Recent Marijuana Dispensary Raids Result in Massive Seizures

Recent Marijuana Dispensary Raids Result in Massive Seizures
Marijuana

A city in Northern Michigan recently passed an ordinance allowing medical marijuana dispensaries to sell without cause for concern, but a series of massive raids conducted by U.S. Homeland Security, the Michigan State Police, and a number of sheriff’s offices has resulted in millions of dollars of product, cash, and even automobiles being seized.

A total of 12 marijuana dispensaries were raided, tied to two separate investigations in Oscoda and Otsego counties. Authorities allege dispensaries were selling marijuana to individuals who were not registered patients. All the dispensaries were within a two-mile radius.

Straits Area Narcotics Enforcement officers seized 143 marijuana plants, 150 jars of marijuana, THC edible products, more than $17,000 in cash, and two vehicles from 10 Otsego County dispensaries.

Authorities claim the raids were the result of tips and information gathered from regular traffic stops.

In an act of retaliation against the excessive crack-down, a petition was filed on behalf of the dispensaries to make it legal for them to operate within the city limits without encountering additional raids. The city council put their stamp of approval on the measure earlier this year, which many believed would curtail meddling in their operations.

Read: Decriminalization Law: “No Fines, No Jail Time” for Felony Marijuana Offenses

Unfortunately, the most recent raids took place before any of the 12 dispensaries could relish in the protections of the newly passed ordinance.

“Apparently the State Police wanted to squash businesses before they could gain the protection of local zoning laws,” wrote Rick Thompson, editor of The Compassion Chronicles.

Marijuana activists are considering taking legal action against state police.

Ben Horner, a board member for the Cannabis Stakeholders Group — a nonprofit organization with a mission to give more Michigan residents safe access to medical marijuana — said Friday he and others are working to reach out to patients and caregivers who were injured or had a loss as a result of the Thursday raids.

Horner said that Otsego County prosecutor Michael Rola signed off on these search warrants. By doing so, he violated the recently-enacted Gaylord medical marijuana ordinance amendment, which officially added medical marijuana provisioning centers as an approved use in areas deemed C-1 and C-2 Commercial District by the city zoning ordinance, as well as the Michigan Medical Marijuana Act.

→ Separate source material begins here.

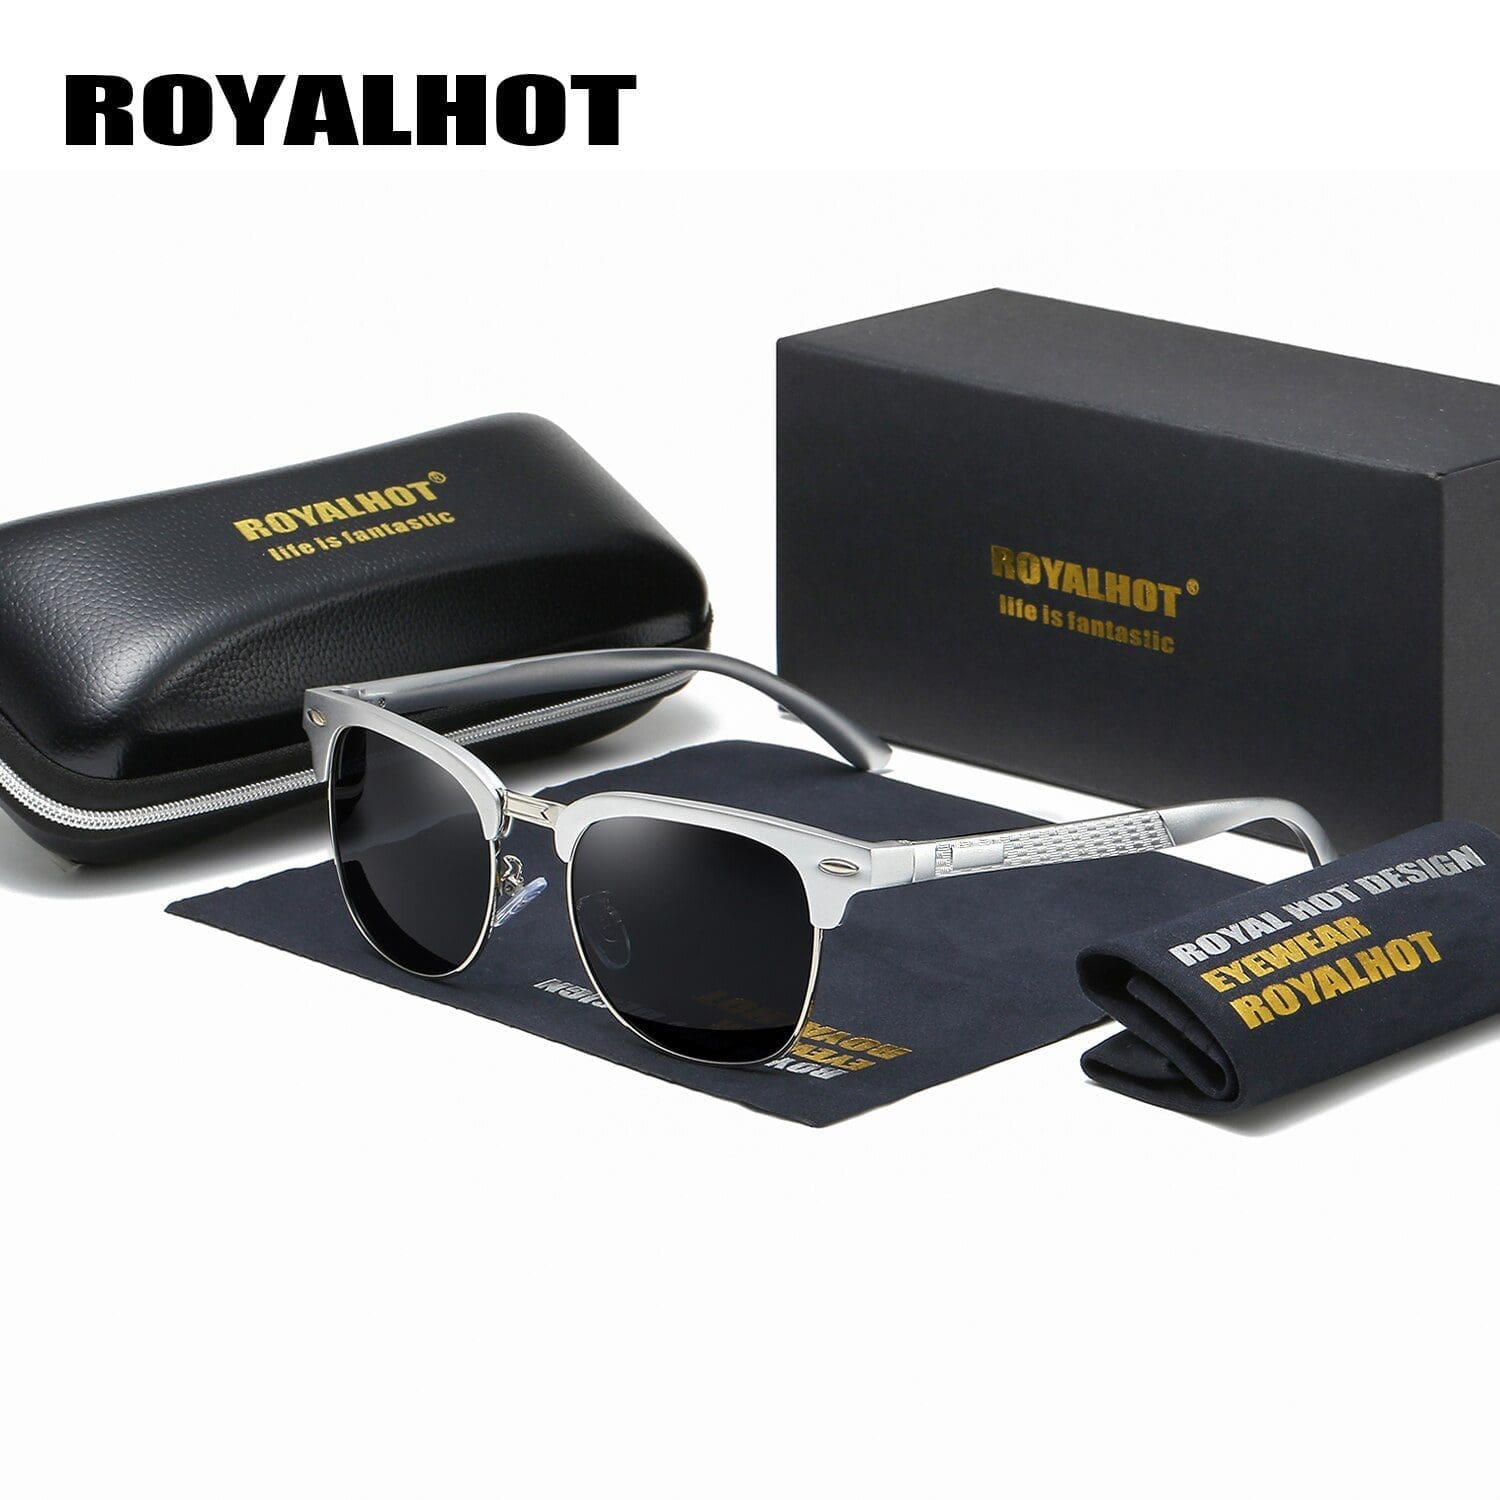 Royal Hot Polarized Aluminum Magnesium Half Frame Sunglasses 6

“According to the Michigan Medical Marijuana Act, all patients can get medicine from wherever they want,” he said. “The city gives permission and law enforcement enforces a different set of laws.”

Two men were also arrested during the raids.

It is clear the federal fight against medical marijuana rages while states and counties look to free themselves from oppressive regulation. The Controlled Substances Act is in great need of an overhaul. Even Colorado, a state that has legalized both recreational and medical marijuana, still faces legislative hurdles. If states can’t rest easy in their choice to legalize, how will small cities supported by an ordinance?